Wada Yasuhiro, Kawato Mitsuo
Nagaoka University of Technology, 1603-1 Kamitomioka, Nagaoka-shi, Niigata 940-2188, Japan.
Neural Netw. 2004 Apr;17(3):353-64. doi: 10.1016/j.neunet.2003.11.009.
In our previous research, we proposed a method for the reproduction of complex movement trajectories and robot arm control that could mimic fast, skilled human movements. That method is based on bi-directional theory and uses a representation of a set of via-points as boundary conditions or control variables to perform robot arm trajectory control. The via-points are extracted from human movement data and the resultant via-point representation is able to regenerate handwritten characters, control a Kendama toy, and perform a tennis serve. The via-point information contains both spatial and temporal information, that is, the position on the trajectory and the time of passing through the via-point position, respectively.
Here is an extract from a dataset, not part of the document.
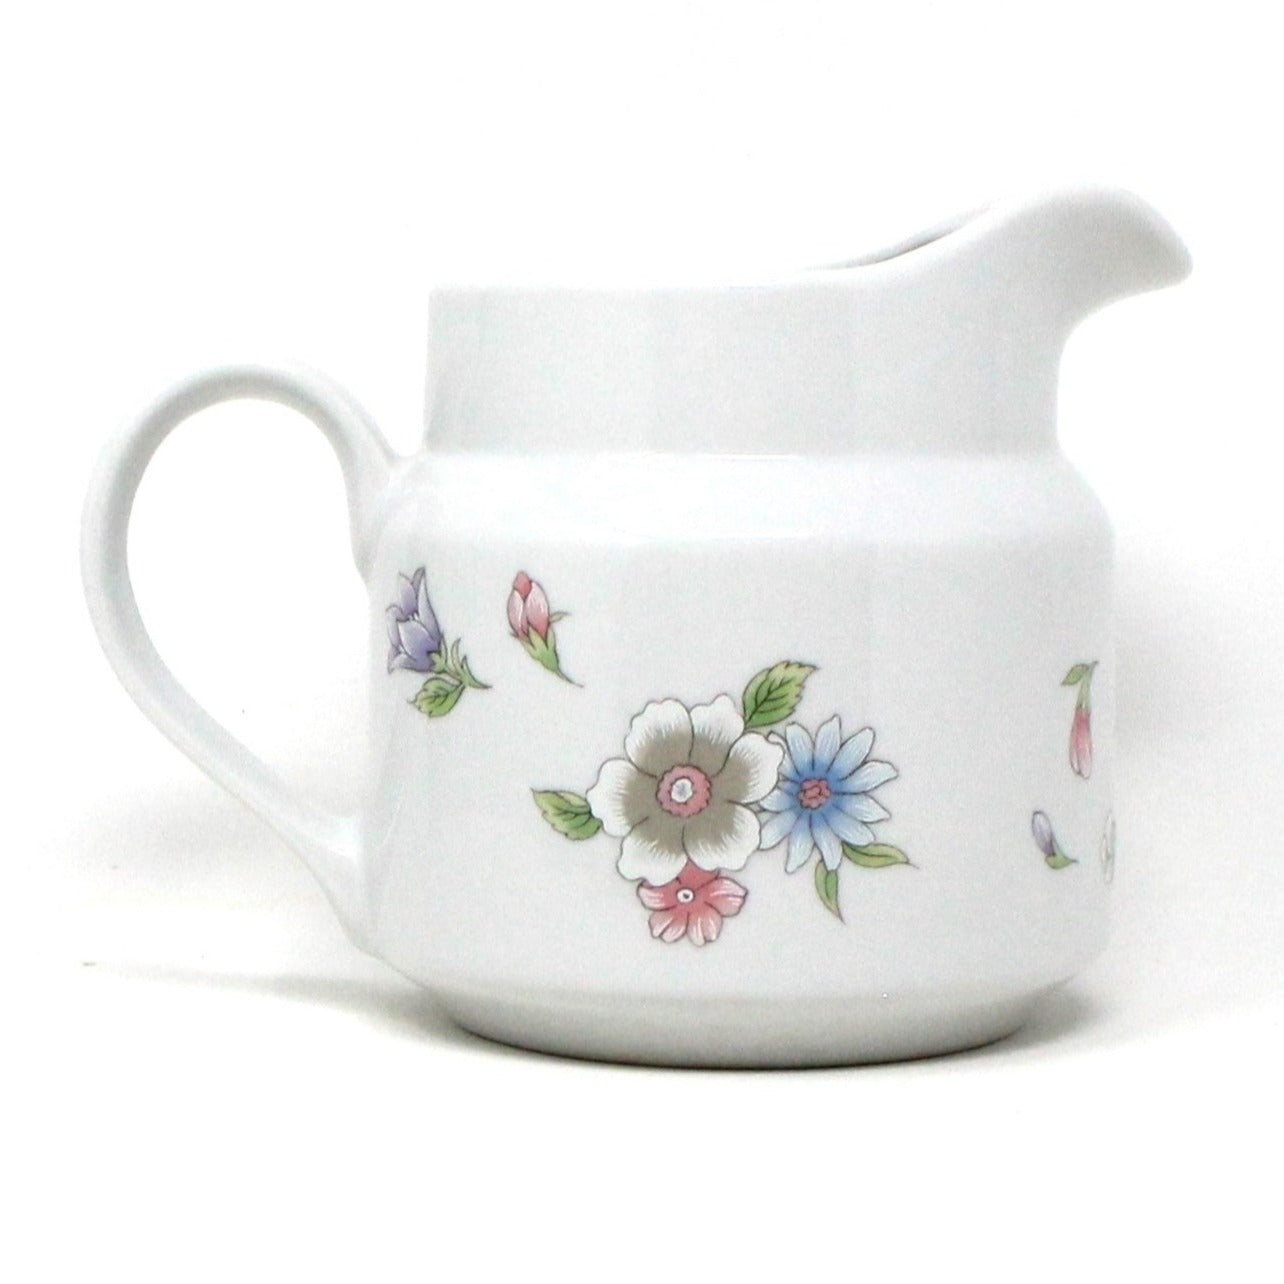 Milk Pitcher, FTD, Especially For You, Vintage Japan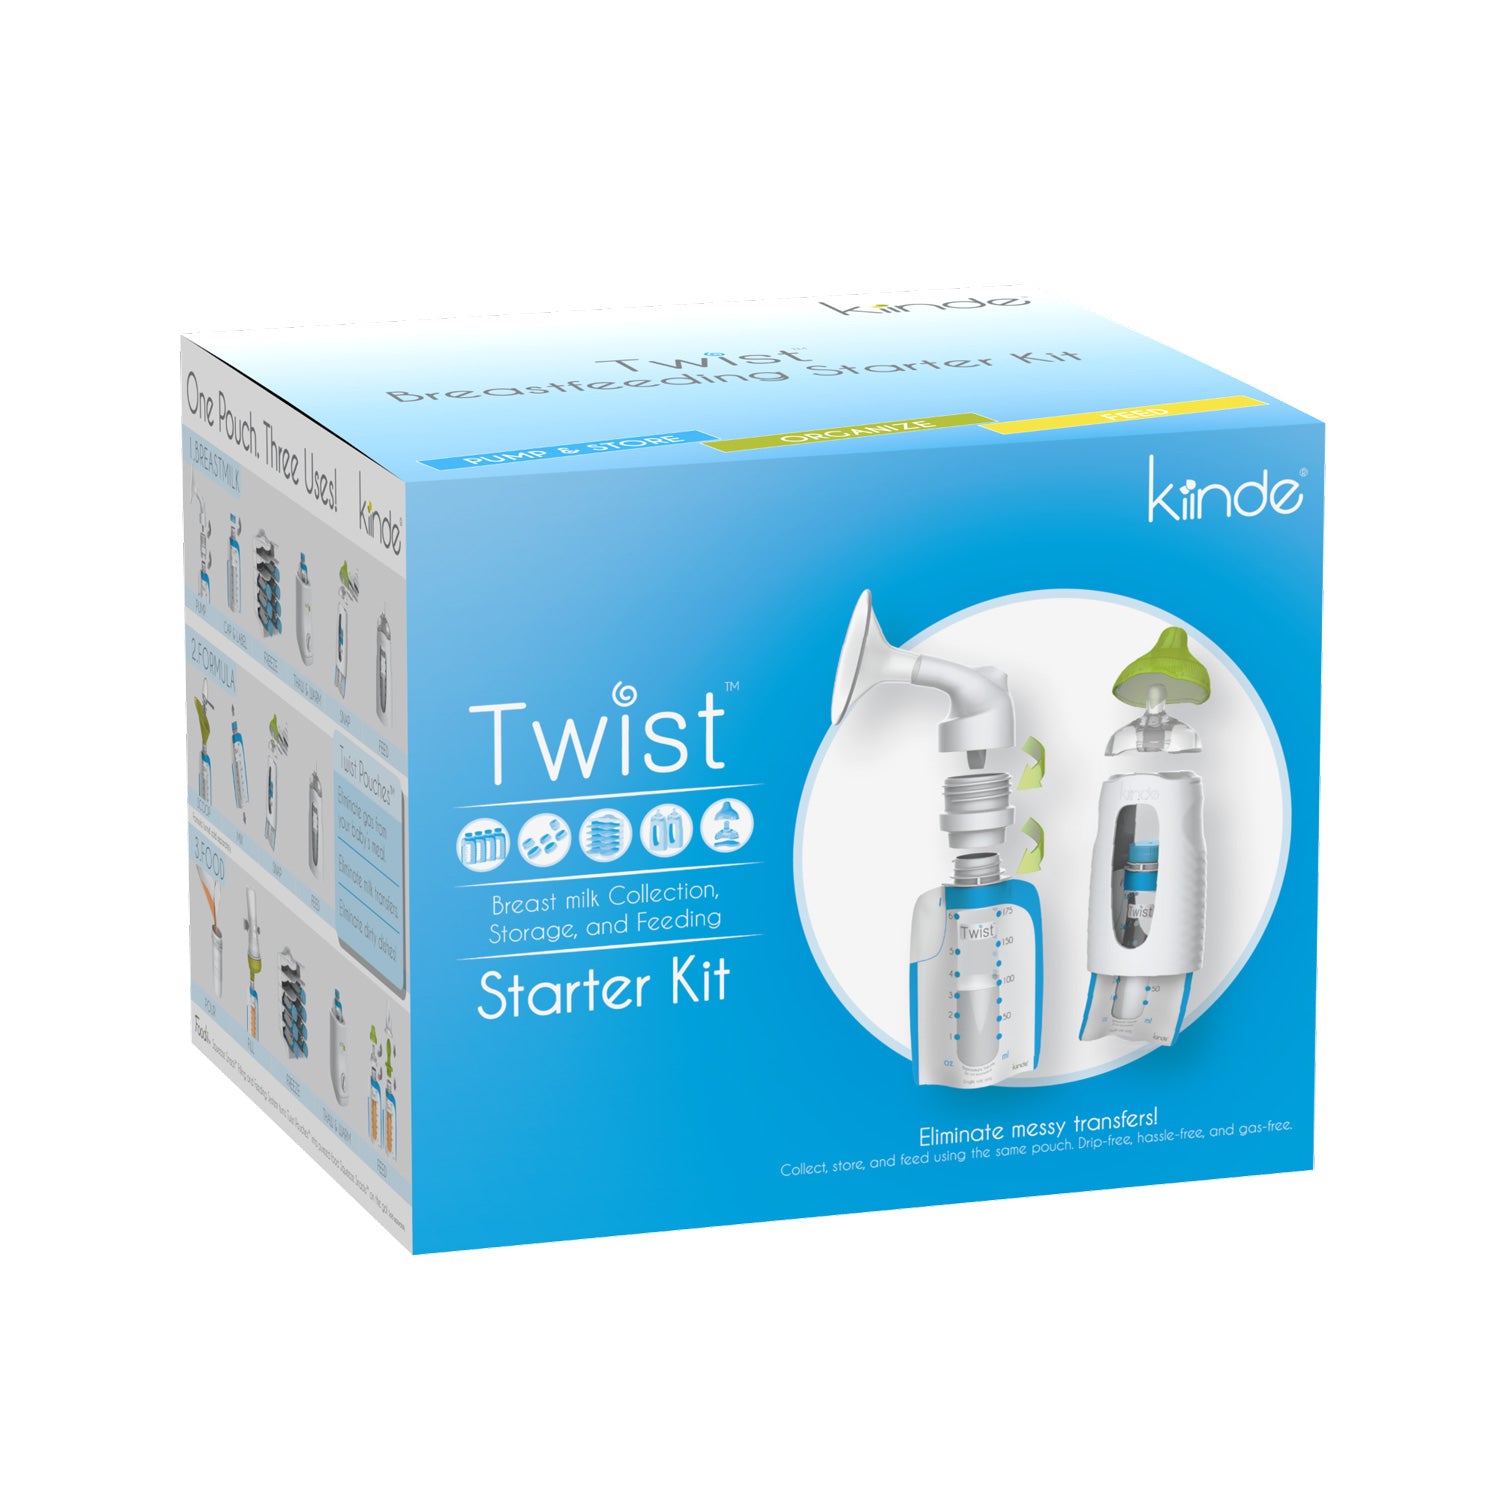 Kiinde Twist Review: Tips for Using the Kiinde System (2022)

Trajectory generation is performed using the trajectory formation model based on the optimal criterion, namely, the smoothness criterion, for which the boundary conditions are both the position and the timing of the via-point information. However, generating a smooth trajectory at different movement speeds is quite difficult if the time of passing through the via-point position is unknown or different from the extracted via-point time. In this paper, we therefore propose a new algorithm which can determine temporal via-point information. Our proposed algorithm can generate roughly the same trajectory as the measured human trajectory from only the spatial information of via-point locations. The optimality and the convergence of the new algorithm are investigated theoretically, and the trajectory generated by the algorithm is shown in numerical experiments. It is shown that starting from arbitrary temporal information the proposed algorithm can produce an appropriate trajectory.
在我们之前的研究中,我们提出了一种用于再现复杂运动轨迹和机器人手臂控制的方法,该方法可以模仿快速、熟练的人类动作。该方法基于双向理论,并使用一组过点作为边界条件或控制变量来执行机器人手臂轨迹控制。过点是从人类运动数据中提取的,所得的过点表示能够再生手写字符、控制剑玉玩具并执行网球发球动作。过点信息包含空间和时间信息,即轨迹上的位置以及通过过点位置的时间。轨迹生成是使用基于最优准则(即平滑准则)的轨迹形成模型来执行的,该模型的边界条件是过点信息的位置和时间。然而,如果通过过点位置的时间未知或与提取的过点时间不同,那么在不同运动速度下生成平滑轨迹将非常困难。因此,在本文中,我们提出了一种可以确定时间过点信息的新算法。我们提出的算法仅从过点位置的空间信息就能生成与测量的人类轨迹大致相同的轨迹。从理论上研究了新算法的最优性和收敛性,并在数值实验中展示了该算法生成的轨迹。结果表明,从任意时间信息开始,所提出的算法都能产生合适的轨迹。